Tips on dealing with debt if you lose your job:
Check if you have cover
You may not realise that you have income protection cover. It is very important to ask all your credit providers whether your agreement is covered by insurance.
Some credit insurance policies pay the monthly instalment for a few months and others may even settle the entire outstanding debt.
Report the claim before you fall into arrears with the monthly instalments as some policies will not pay for retrenchment or the like once the account is in arrears.
Also ensure that you furnish the credit provider with all the documents they require to process your claim.
Prioritise your debts
Your home loan, rent, vehicle repayments and utility bills are classed as priority debts.
Fail to pay these debts and you could lose your home or be evicted, have your electricity cut off, or have essential items (such as your car) repossessed.
List which debts have the highest interest rates, such as credit cards, unsecured loans and bank overdrafts and figure out how to pay these off as soon as possible as the interest rates are usually high.
Redo your budget
Get a clear idea of what’s coming in and what’s going out.
The amount that’s left after paying for your household bills, your living expenses, plus repayments and interest on anything you owe is what’s available to start paying off your debts more quickly.
Cut back on all luxuries and unnecessary spending.
Use your redundancy package wisely
You can also use redundancy pay or savings to pay off some of your debt.
Start with priority debts first. You’ll need to try and stretch this out for as long as possible, so avoid spending it as soon as you get it.

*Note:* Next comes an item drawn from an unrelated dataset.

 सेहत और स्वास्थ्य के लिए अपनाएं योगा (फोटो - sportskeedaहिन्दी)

While some consumers cannot repay debt due to loss of income, others continue to borrow as a quick fix.
According to Eunice Sibiya, head of consumer education at FNB, many people think that borrowing money to help them get through the first few months of the year will be a quick fix solution.

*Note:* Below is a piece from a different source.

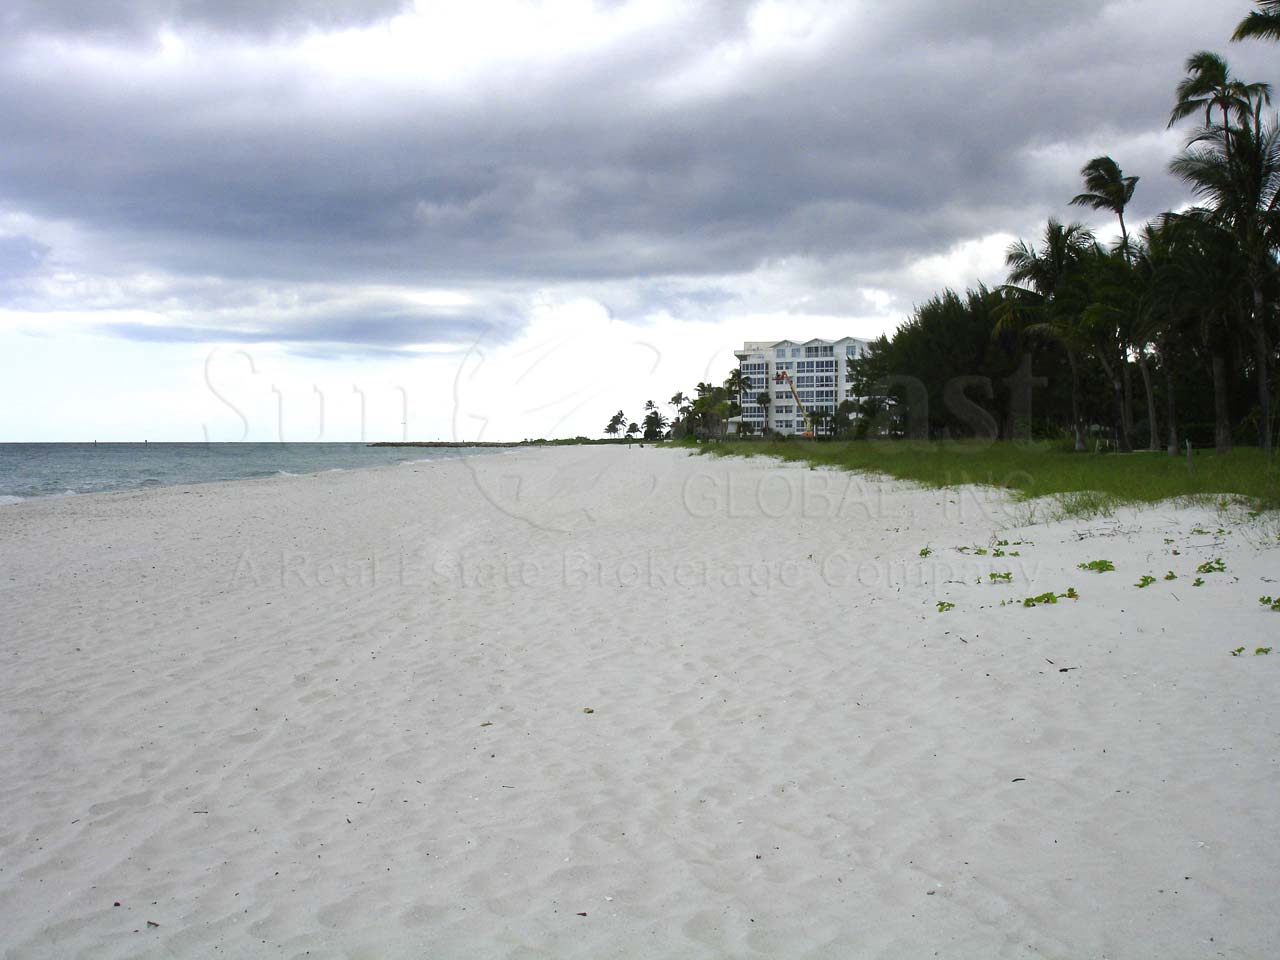 Diplomat Club View of Beach

Taking out a loan or using credit cards to help cover short-term expenses can escalate into a big financial problem and may even result in being blacklisted if not managed properly,” she says.

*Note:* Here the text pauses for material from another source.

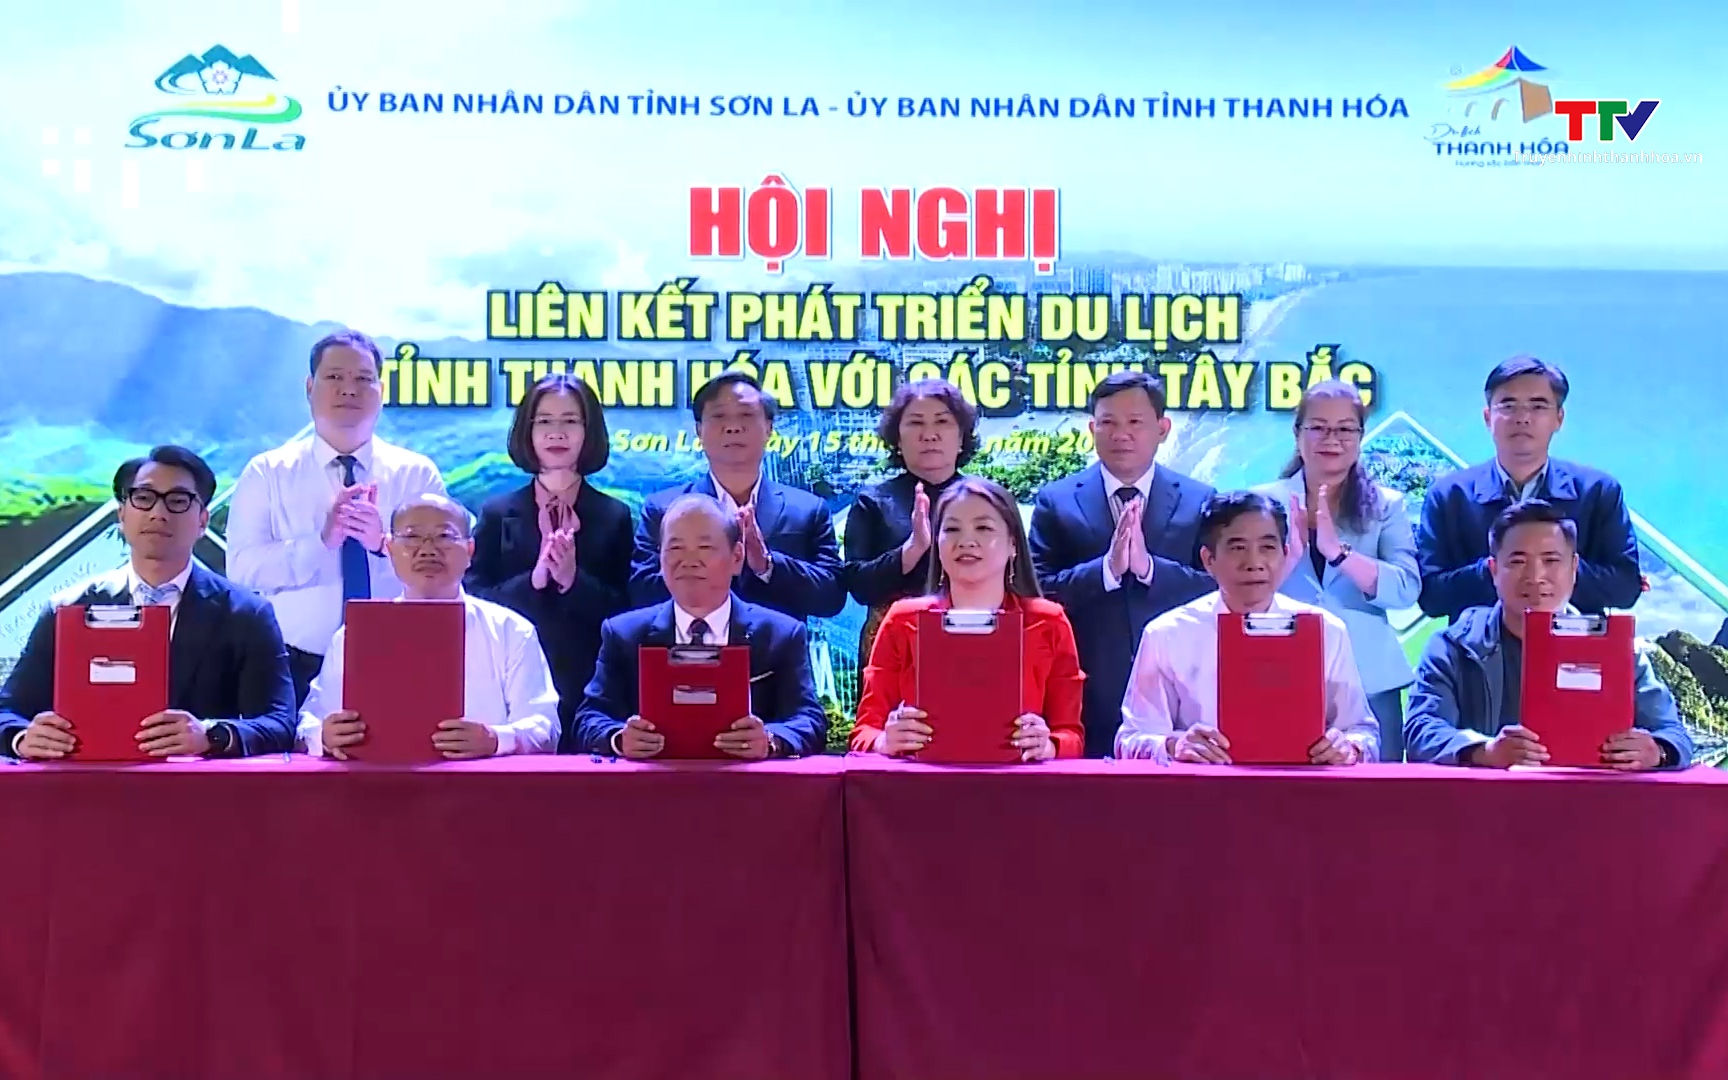 Hội nghị liên kết phát triển du lịch tỉnh Thanh Hoá với các tỉnh Tây Bắc

As an example, she says if you R10 000 on a store card and the interest is 22 percent annually, you will be paying off R183 a month just in interest without making a dent in the actual loan.
“This money could be used to save for your children’s education, pay off your home loan quicker, or even treat yourself to something that month,” says Sibiya.
One of the major problems is that people stop paying for policies and long-term investments in order to service their debt, and this impacts their financial future.
If you have already taken out a loan or maxed out your credit cards and store cards to get through the month, there are ways to take back control of your finances and enjoy a debt free 2013.
Firstly, she says one has to acknowledging the problem makes it easier to deal with and urges consumers to stop borrowing but focus on paying off existing debt.
Planning is essential and that means looking at what you spend and what you spend money on, Tips on taking control of your money could be a useful tool here.
Sibiya says if you find you are already indebted, it is time to make small changes to your budget , spend less on unnecessary items and if need be, approach your bank to find a solution such as negotiating a longer payment term .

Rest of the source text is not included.